Monday, December 14, 2015

Joel Performs

Rough weekend. Not sure when Will got home from Athens. Friday or Saturday night. His church gave him a $400.00 gift card from Home Depot as a going away present. Raked the yard Friday and did some other housework and laundry as well. Ceil cooked pork tenderloin, and later W and I watched a Batman movie.
 
Later Saturday for Matthew I stopped by two thrift stores, the bank, Taco Bell, Moe’s, Chickfila, QuikTrip, and then four more thrift stores. Then I gassed up my Civic. Ceil worked a wedding with Molly, and we both returned home after our long days quite bushed.
 
Saturday night we went with Ceil to Joel Norman’s concert down in Becky’s basement. House concerts must be a thing these days. Besides Becky and Joel’s partner Isaac George’s parents, we were the only old people there. Lots of beards and long hair. Several now young adults we knew: Willis, Charles, David, and Beth Norman, DJ Hoffer, Will, Kevin Brock, Nic Beatty, Kyle Muscara, David Rajecki, Joel Nels, Josiah and Nicki George (with their well-behaved baby daughter), and several other members of the big George family. There were at least 50 people in the Norman’s nicely finished basement. Charles shuttled people over from the nearby Riverside Park parking lot. He has grown to well over six feet, perhaps taller than his brother David.   
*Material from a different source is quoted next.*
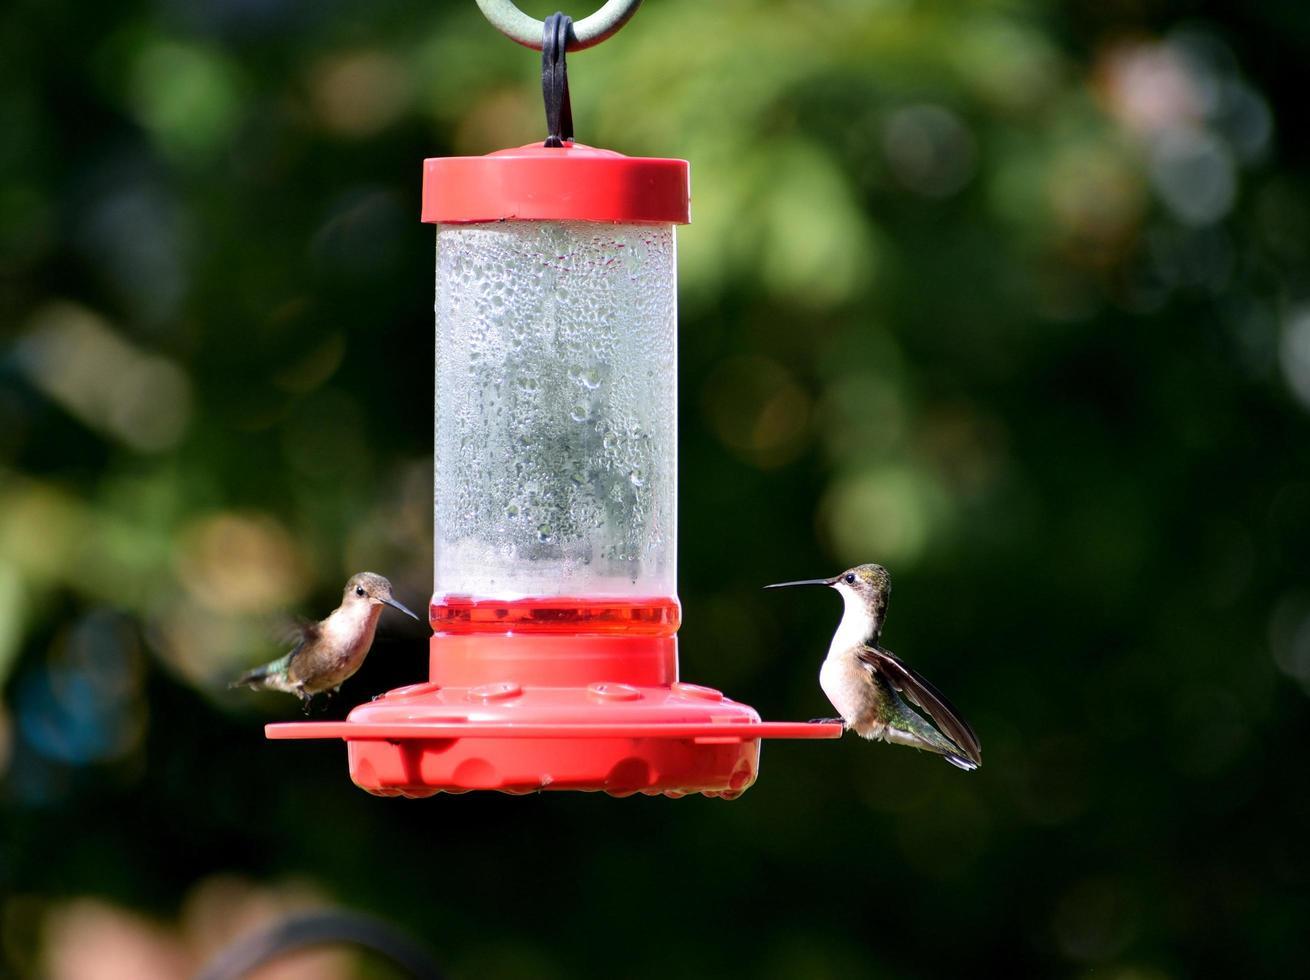 Hummingbirds at the feeder photo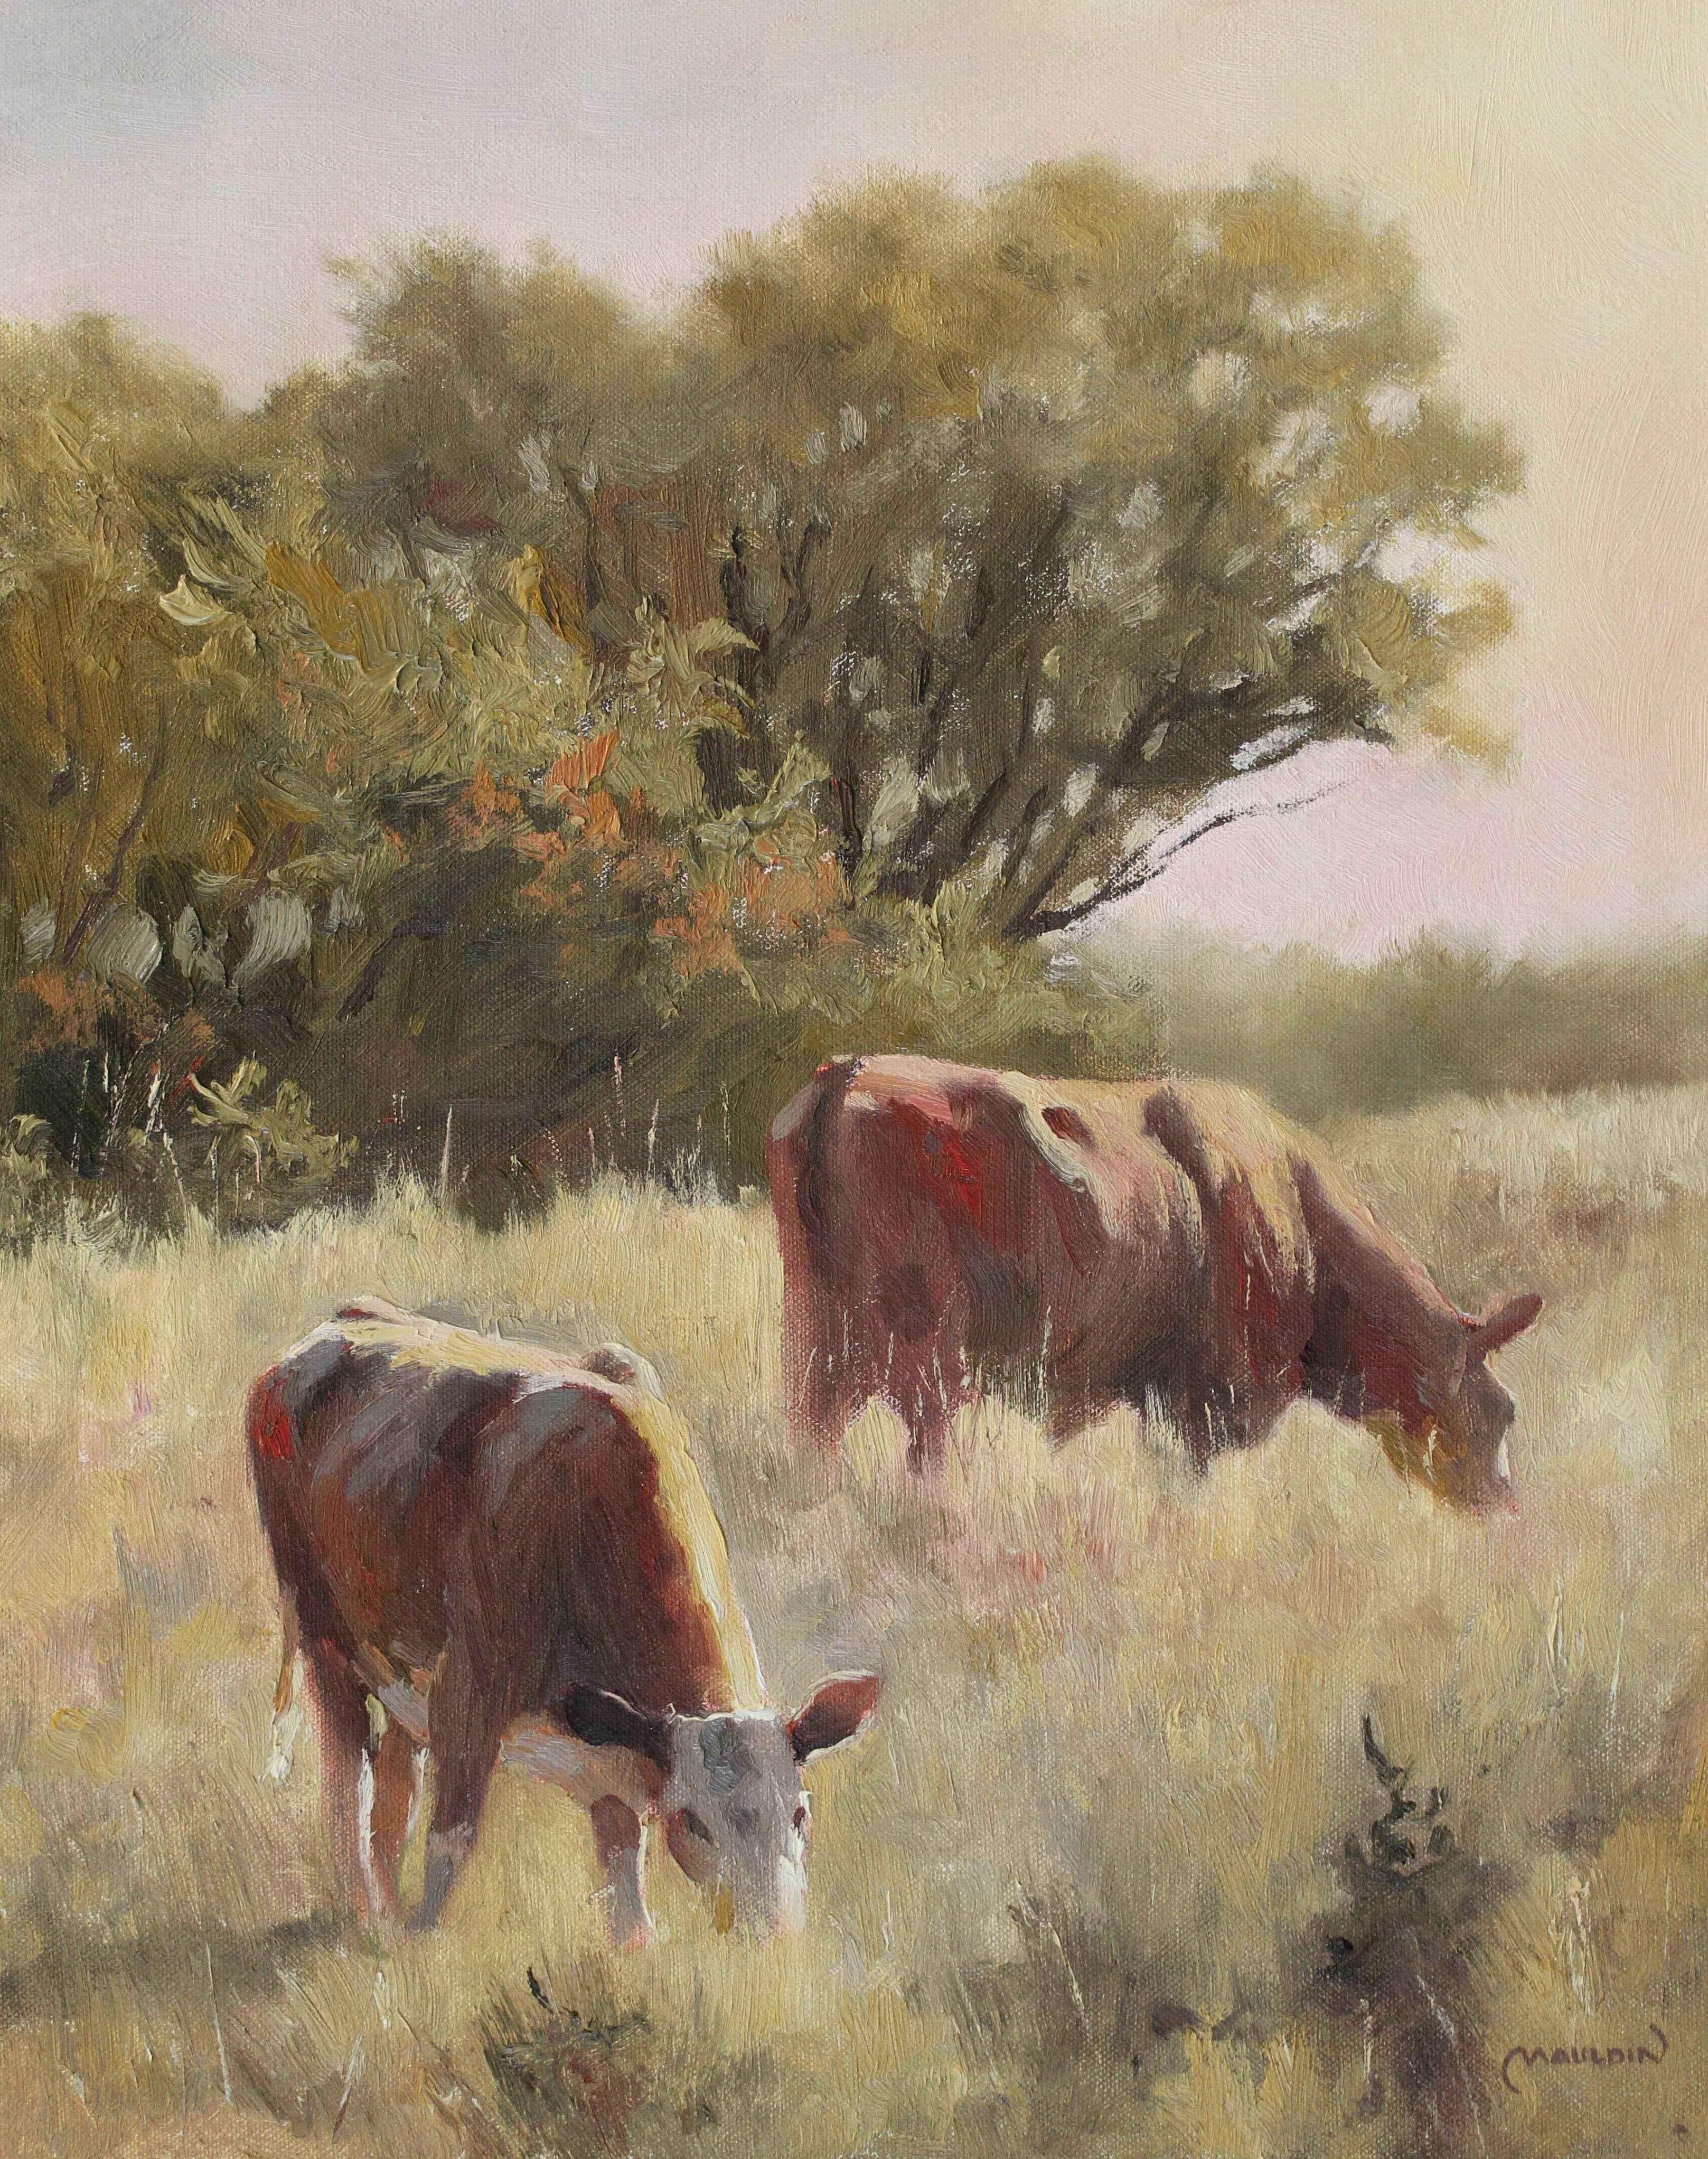 Grass Guzzlers by  Chuck Mauldin - Masterpiece Online

Abby George’s husband Jonathan Peyton opened the show with several songs and some great stories. He has performed at Eddie’s Attic. Anthony Aparo followed him, accompanied by his wife, who looked like Gwen Stefani. They too had a few personable short stories to share. Anthony sang his single “I’ve Got Plenty”, recently released on Spotify. He works for a ministry in the city. Finally Joel and Isaac took the stage, accompanied by one guy on bass, another on drums, and a girl on acoustic guitar. Isaac played guitar and sang. Joel played keyboards, sang lead, and introduced the songs. They did great considering the short time they had to practice. Joel’s confident yet playful introductions, love songs, and melodies reminded me of Paul McCartney. The show was to celebrate the release of Isaac & Joel’s double single “Simple Love” and “When We Were Kids” on Noisetrade.com.
 
Will returned to Athens Sunday morning to work. later Ceil and I split a meal at Moxie Burger. Then we cleaned up the downstairs pretty well before Molly came over. Got a live Christmas tree set up in the living room. Will had gotten down the decorations from the attic but we didn’t get the tree decorated. C went to Target and Whole Foods. She cooked grits and eggs and worked on the wedding. I tried out my recently acquired popcorn popper #5. Later we watched the highly recommended Netflix movie Crackerjack. Very good. Made by my friend Bryan Coley, we had forgotten his wife and kids were in the movie. Wife Susan played a harried pregnant wife to perfection, and cutiepie daughter Haviland played her pesky daughter. My friend Reid Hall was also credited for his production help mixing in narrator Jeff Foxworthy’s lines.
     
Nice to see that our company Christmas card actually says Merry Christmas on it. I even got to sign one of them. Now I hear there are also some Happy Holidays cards. Oh well. I need to send one to the crew at the Duluth Taco Bell. Terrible service. Funny that of the all minority crew there were no Hispanics.
 
Sunday during lunch I thought up what I thought was a good joke: “If global warming is such a thing why doesn’t Hollywood make movies about it?” Posted it around 2 pm and garnered several likes. Of course the danger in posting anything remotely political on social media, especially as a question, is that someone with a different viewpoint might post something to the contrary. It took 12 hours – at 2 am - before the outspoken Scott Morris posted a witty reply: “Because we go to movies to escape reality.” This morning I thought of a few witty yet truthful replies, but since the post was already buried in everyone’s feeds, I left his comment alone.